The pandemic and ME/CFS: What have we learned? Where have we made progress?

Prof Carmen Scheibenbogen, in a historical review, demonstrated that ME/CFS has received and continues to receive insufficient attention in terms of research funding and patient care. However, the COVID-19 pandemic has led to increased media coverage and research funding. Post-acute infectious syndromes (PAIS) such as long COVID or ME/CFS, the most severe form, share many symptomatic similarities (e.g. fatigue and Post-Exertional Malaise (PEM)). Approximately 10–20% of those affected by long COVID meet the Canadian Consensus Criteria (CCC) for ME/CFS. The pathomechanisms of ME/CFS and Long COVID, too, share many similarities. In ME/CFS, there is clear evidence for autoimmune processes, persistent inflammatory reactions, vascular dysfunction with hypoperfusion, and muscular mitochondrial disease with associated muscular damage.
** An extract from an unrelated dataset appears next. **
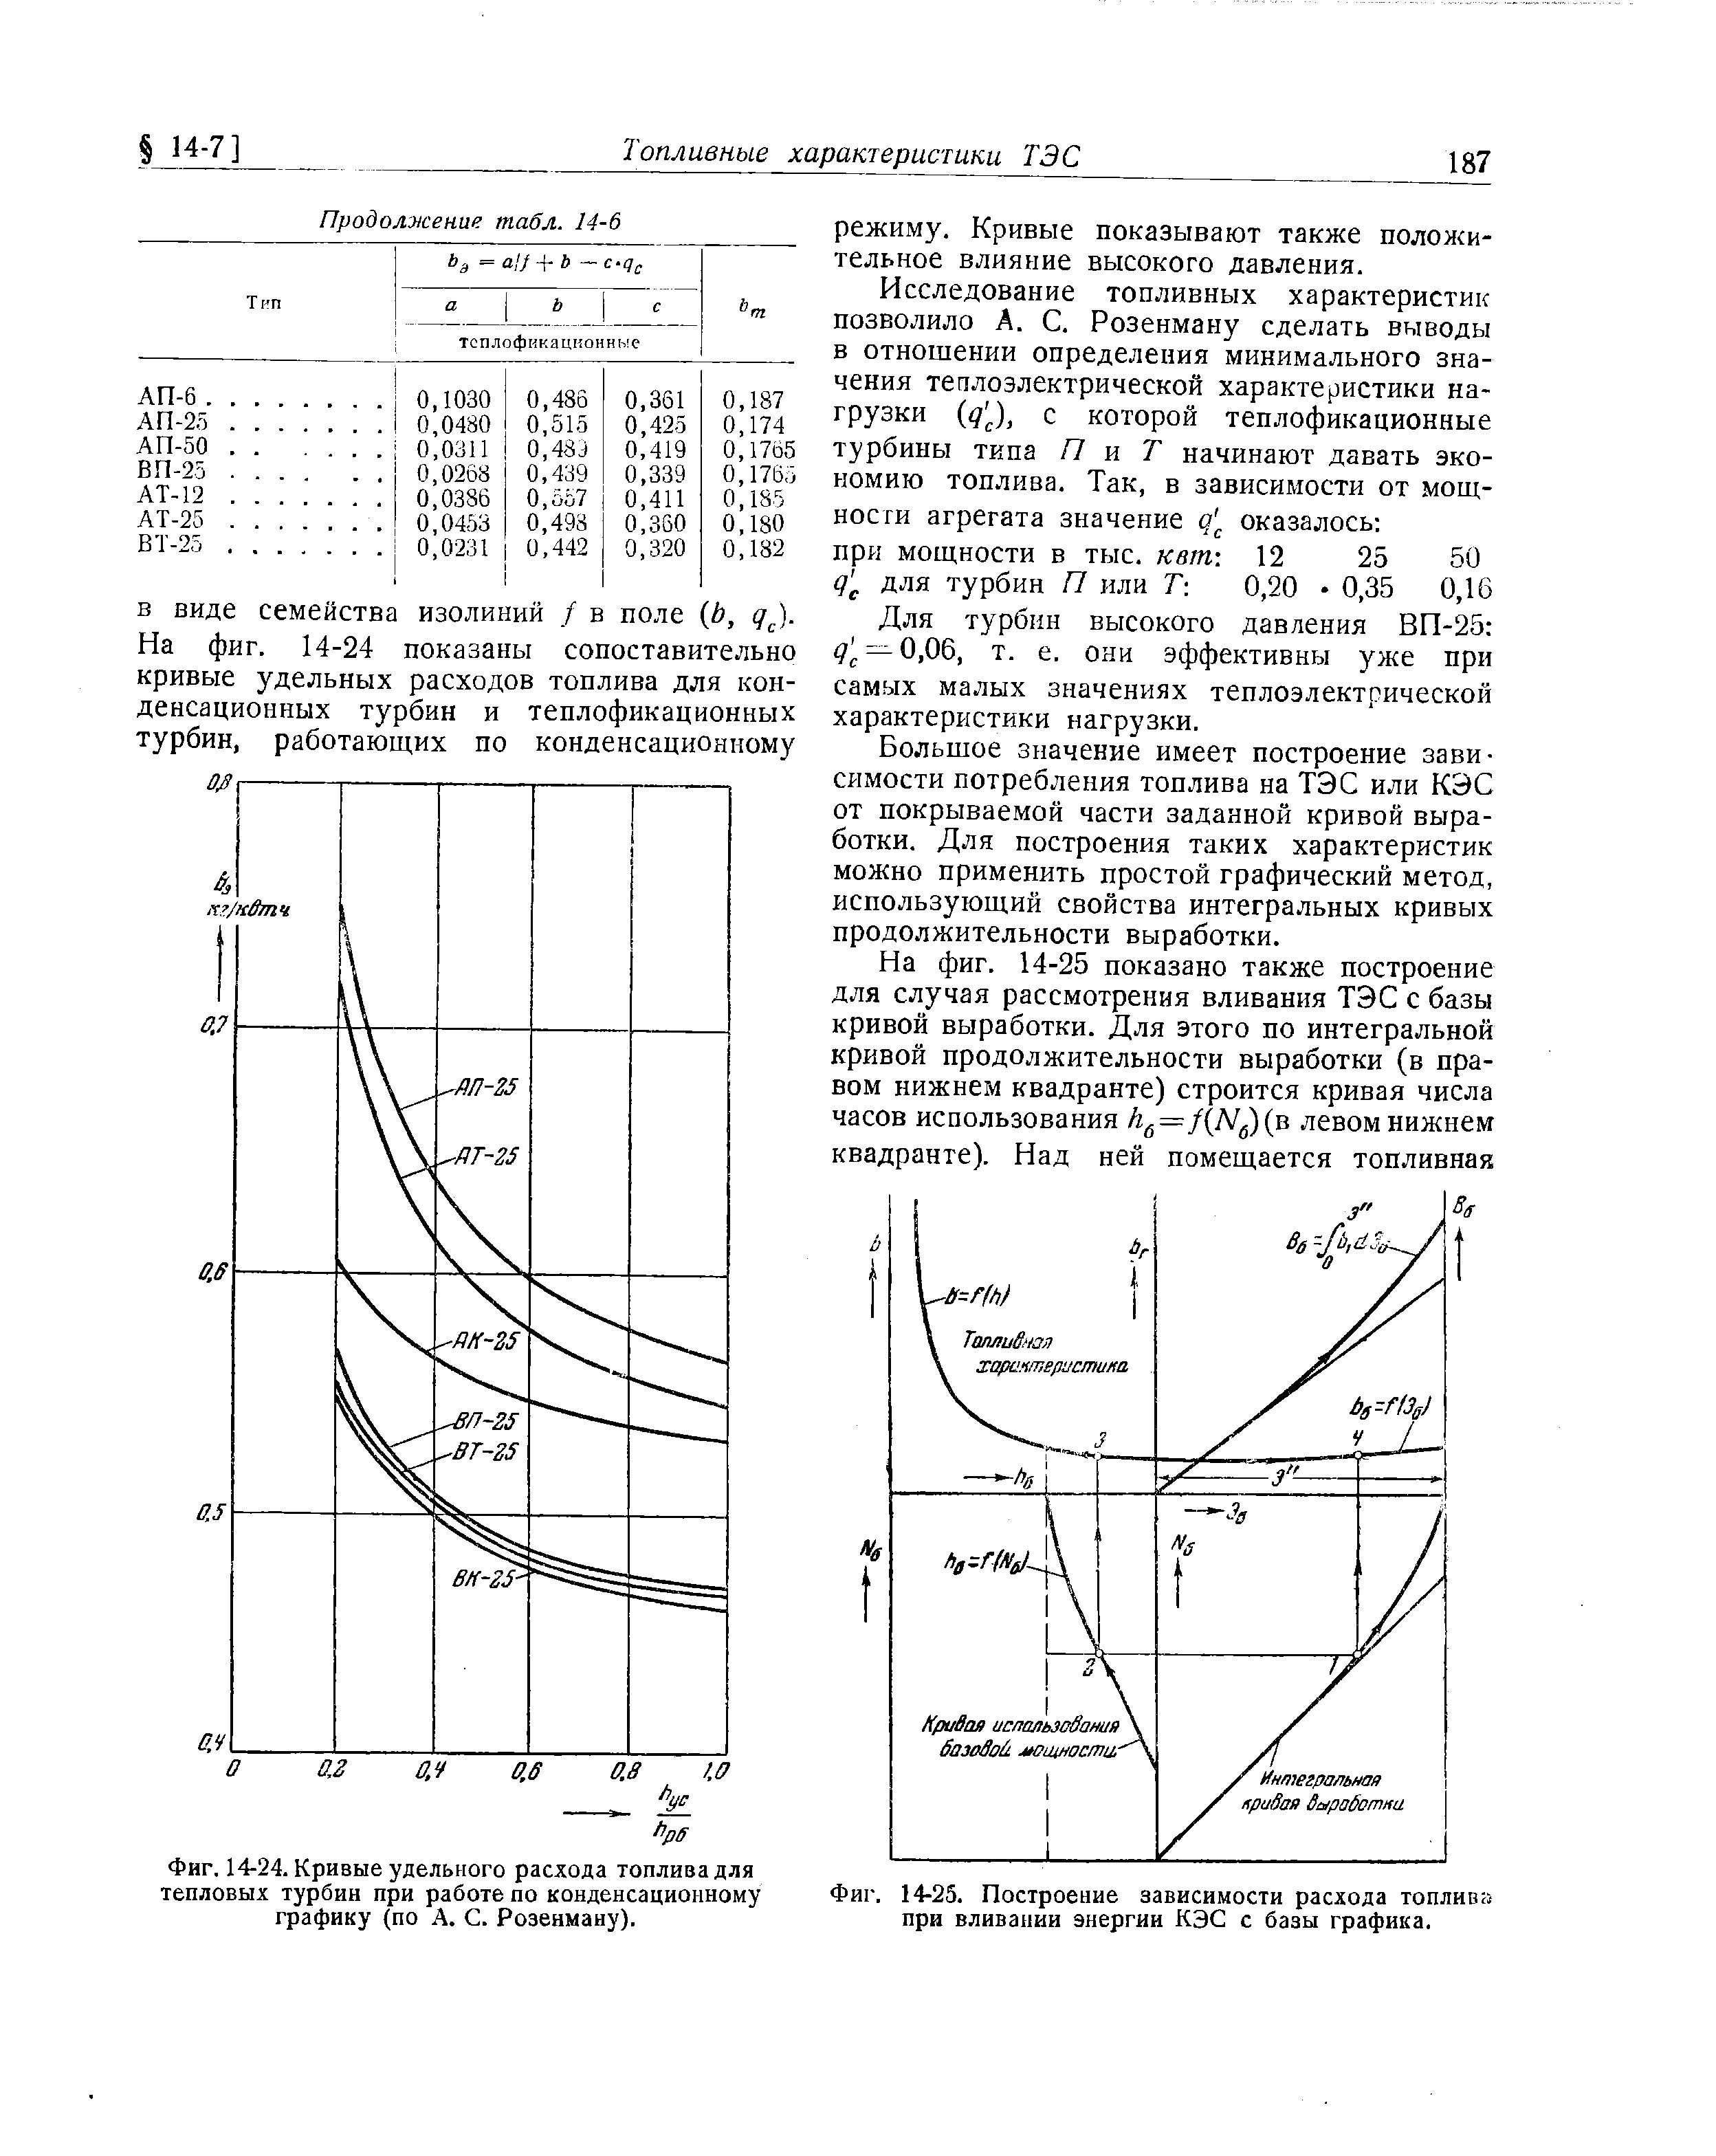 Фиг. 14-24. Кривые удельного расхода топлива для тепловых турбин при работе по конденсационному графику (по А. С. Розеиману).

Prof Scheibenbogen emphasised the role of therapeutic approaches that focus on autoimmunity and, for example, reduce the presence of autoantibodies in the blood. It is believed that the prevalence of ME/CFS in the population has doubled to 0.6% since the pandemic. The societal costs of ME/CFS and Long COVID in Germany are estimated at €63.1 billion annually. Hence there is a great need for further therapeutic studies, the development of medications with the involvement of the pharmaceutical industry, and the expansion of currently inadequate care structures.